Murphy acknowledges that people are frustrated - "we're frustrated ourselves" - but denies that old Republicans are disillusioned and are leaching away, and keeps his spirits up by trusting no poll or census figures.

The canvass through the heartland, with hard-working SF councillor Colman Burns, is tame, raising a few queries about planning, roads and farming issues. No one mentions the war. Murphy makes a point of asking people if their photo ID (now being rigorously enforced for elections in the North) is in order.
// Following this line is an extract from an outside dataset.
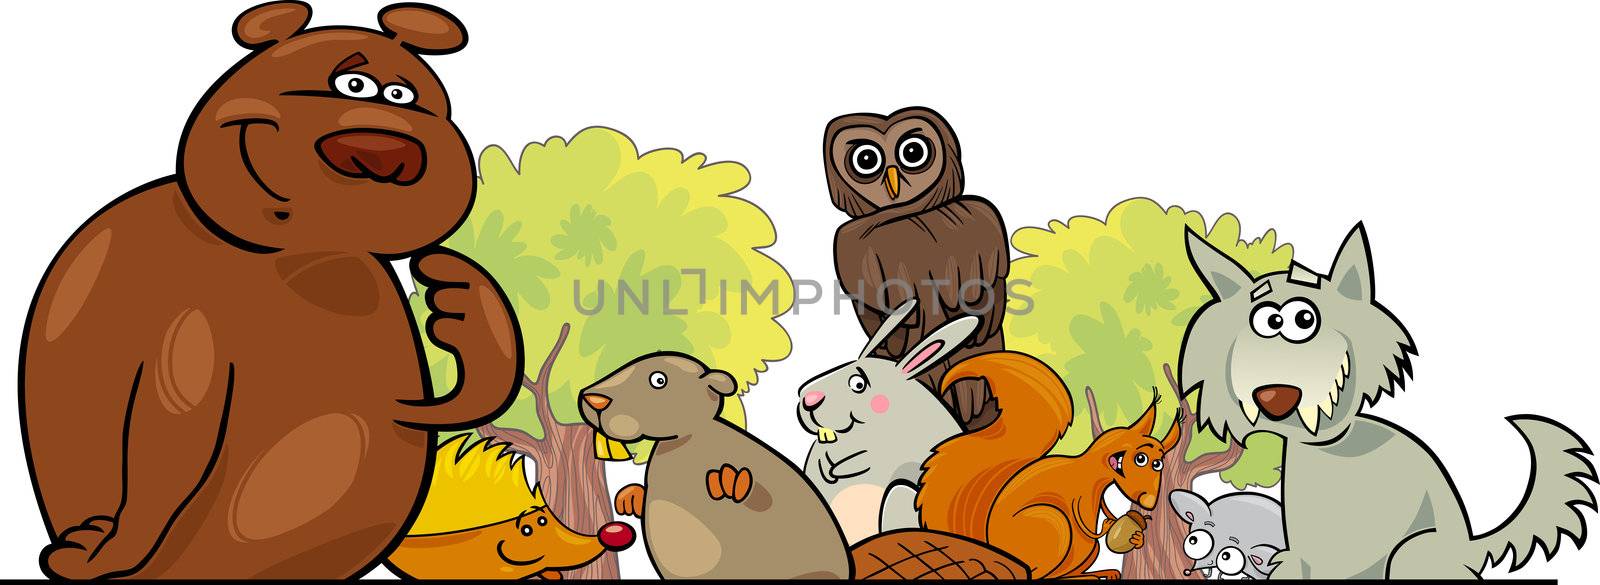 Cartoon forest animals design by izakowski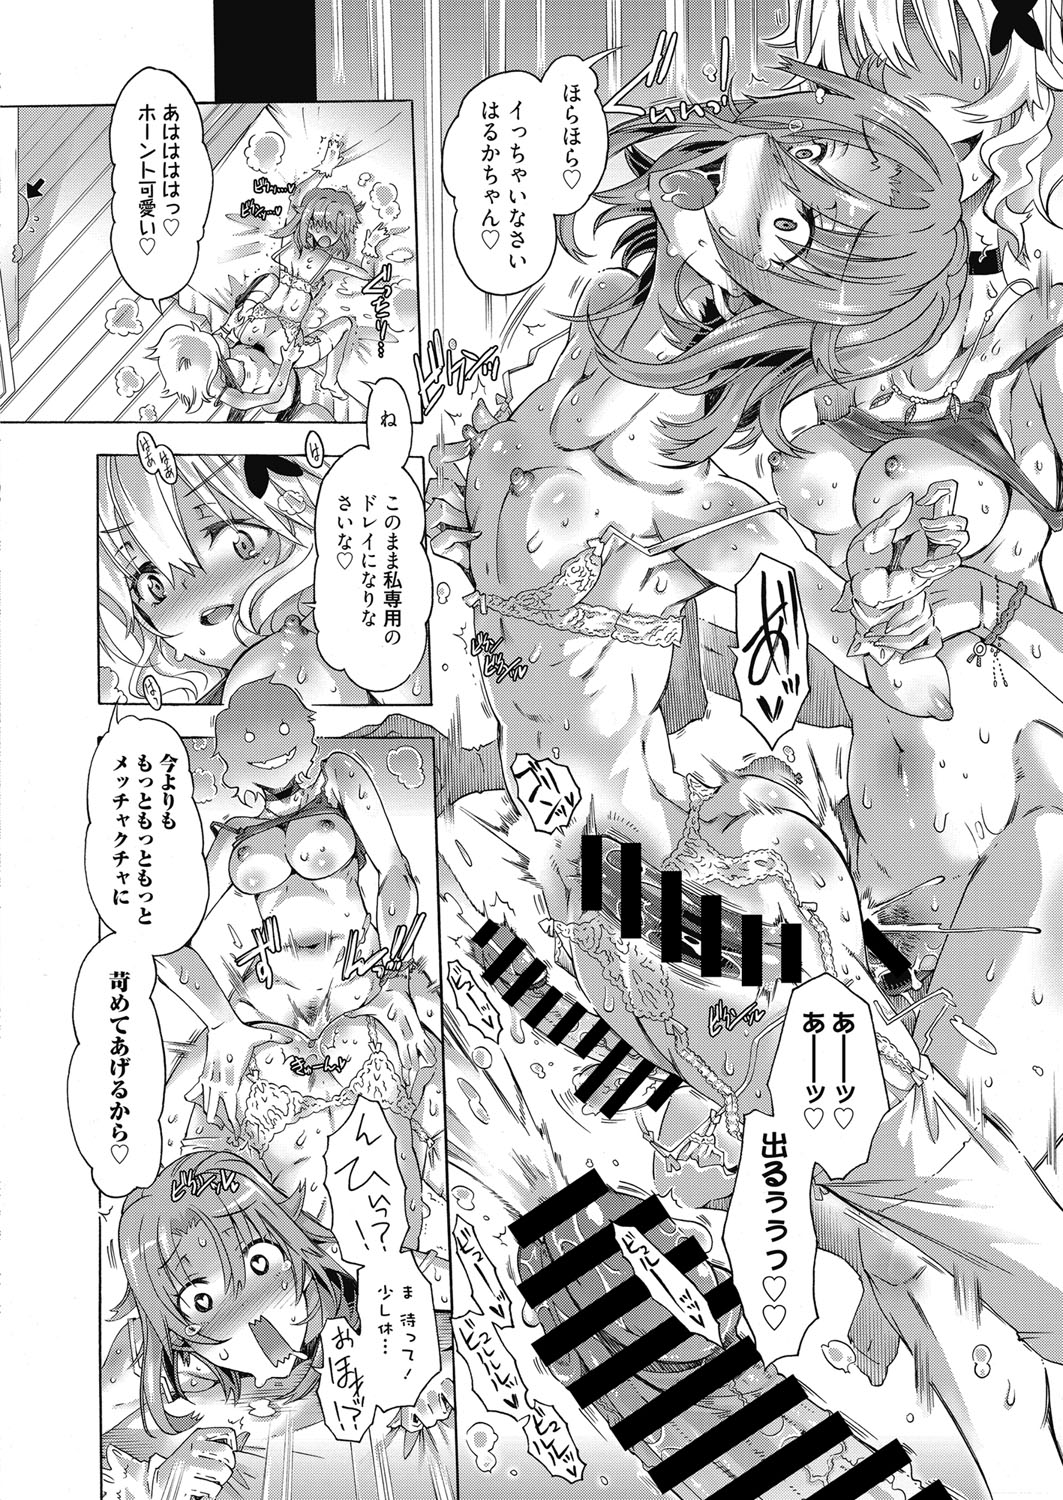 web 漫画ばんがいち Vol.19

For all but the darkest-minded, a dull, tame Northern Ireland, focused on bread-and-butter issues like roads, water rates, farming and health matters (just like the South) is a prospect to cherish.

The fading out of a string of big players - Mallon, Hume, Rodgers and an ageing Paisley; the slow eclipse of the savage contrasts - even Larne locals are voicing concerns about the effect of the flags and murals on potential tourists - and the fact that the politicians are being left to fight their own battles without dramatic, midnight calls from the President of the United States, all signal that Northern politics threaten to become humdrum. Left here long enough, you might begin to think of this as little more than a trumped-up council election. Which leaves the media with a problem.